Сергей не стал дожидаться «особого приглашения» и пулей вылетел из трамвая. Он пробежал метров двадцать, легко перепрыгивая лужи, заполнявшие выбоины на разбитом асфальте. Двадцать лет прошло, а дорогу так и не отремонтировали. А ещё обижаются, что их совком обзывают. И эти туда же: «пацан», «щегол». Это он-то пацан? Мужчина в полном расцвете лет и с кандидатской диссертацией в кармане. Одно слово – пролетарии…
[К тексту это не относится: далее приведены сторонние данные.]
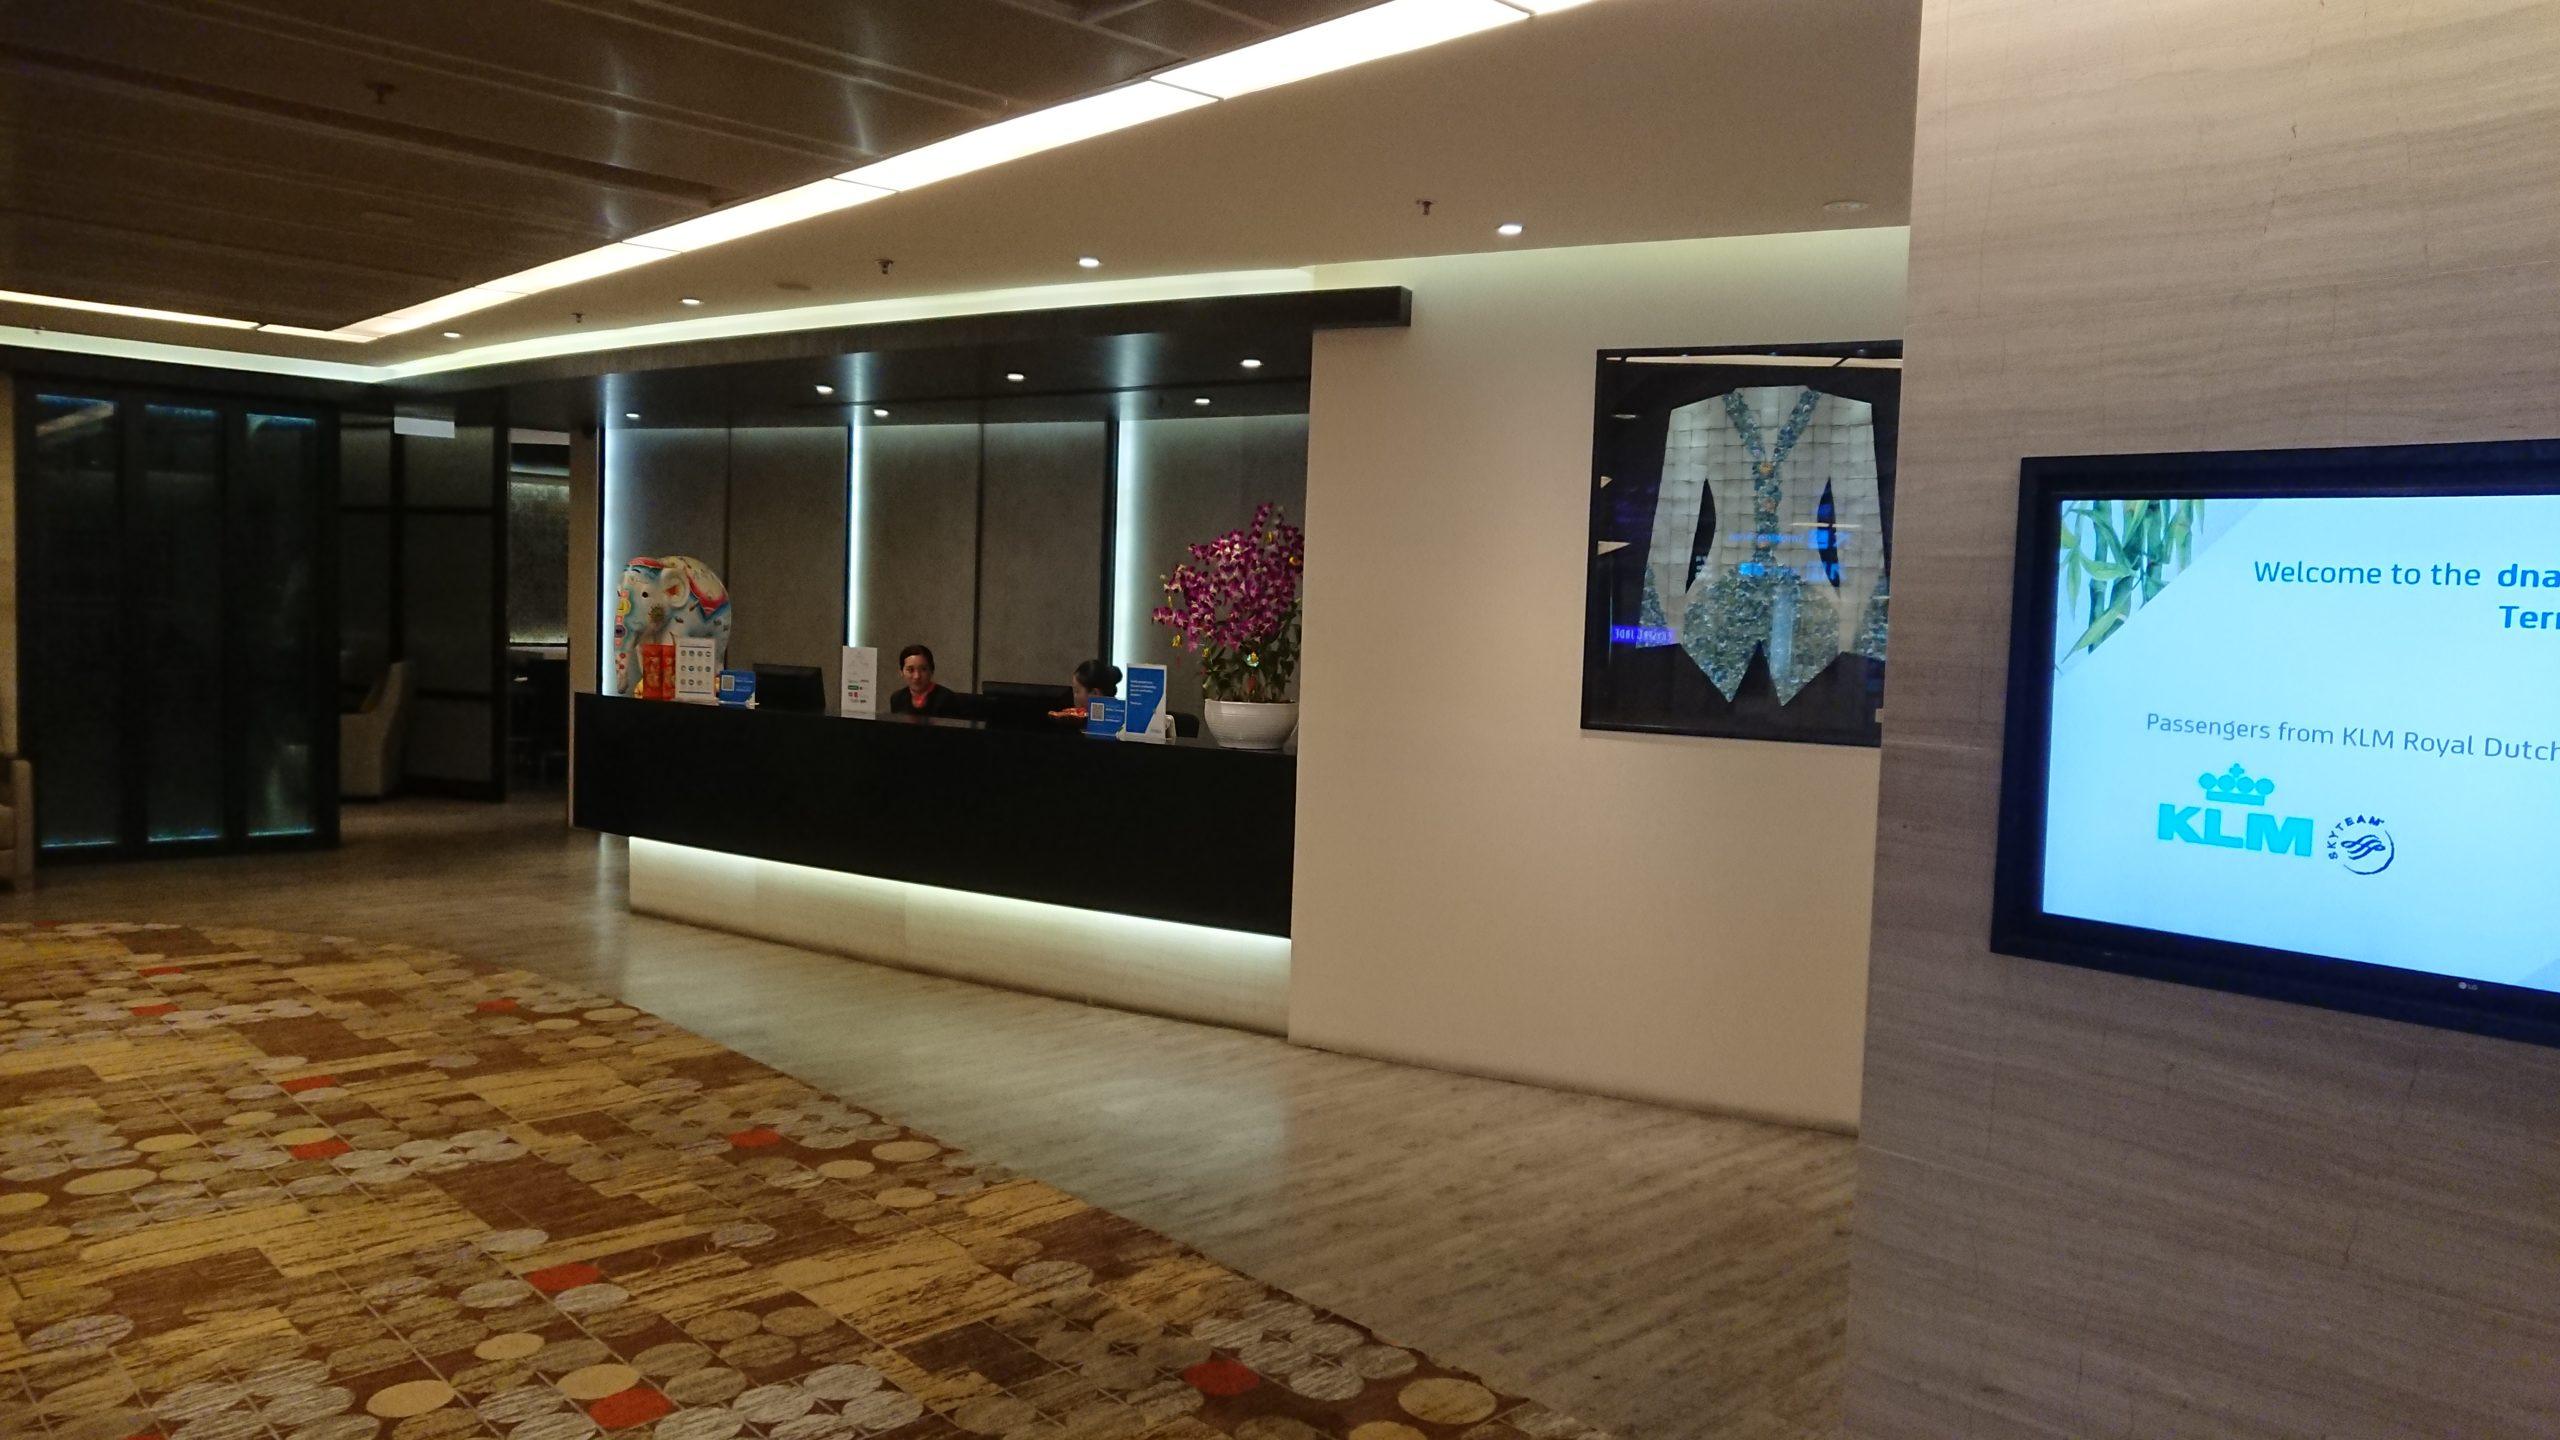 dnata Lounge (ターミナル1)

Стоп! А где портфель? Документы, деньги, телефон – все осталось там. Сергей резко остановился и рванул обратно, на остановку. Но трамвай, лениво покачивая своими красно-белыми бортами, постукивая и позвякивая на рельсах, со скрипом исчез за поворотом. От досады у Сергея сдавило горло, и он громко сквозь зубы выругался: «Сука!» Стоя на заплеванном и заваленном окурками перроне, он медленно вдыхал воздух ноздрями, пытаясь привести нервы в порядок. Да уж, давненько он так не срывался. Может коньяк в голову ударил? Да нет, пил всего ничего. Какой он, к черту, кандидат после этого? Как есть – пацан.
И куда, зачем он помчался сломя голову? Нужно было просто дождаться, когда эта старая железяка развернется и ехать обратно, домой, где собрались за столом родные и друзья, чтобы поздравить Сергея Платоновича Величко с успешной защитой диссертации. Но Сергей Платонович так углубился в воспоминания, видите ли, что проехал свою остановку!
Вернуться пешком не получится: дорога, соединявшая старую и новую части города, растянулась километров на десять по берегу водохранилища, и шла мимо завода синтетического каучука и старой ГРЭС. Автобусы сюда давно не ходят – после Перестройки предприятия в старом городе позакрывались, и район постепенно обезлюдел. Здесь оставались доживать свой век пенсионеры да разные асоциальные элементы.
Сколько он здесь не был? Лет двадцать, наверное. А что? Следующий трамвай не скоро, через час-полтора, можно и забежать в свой квартал, понастольгировать. Сплюнув себе под ноги (грязнее не станет!), Сергей быстрым шагом пошел по заваленному облетевшей листвой и мусором тротуару, мимо ряда желтых ленинградских домов, с лепниной по фасаду и полукруглыми проездными арками.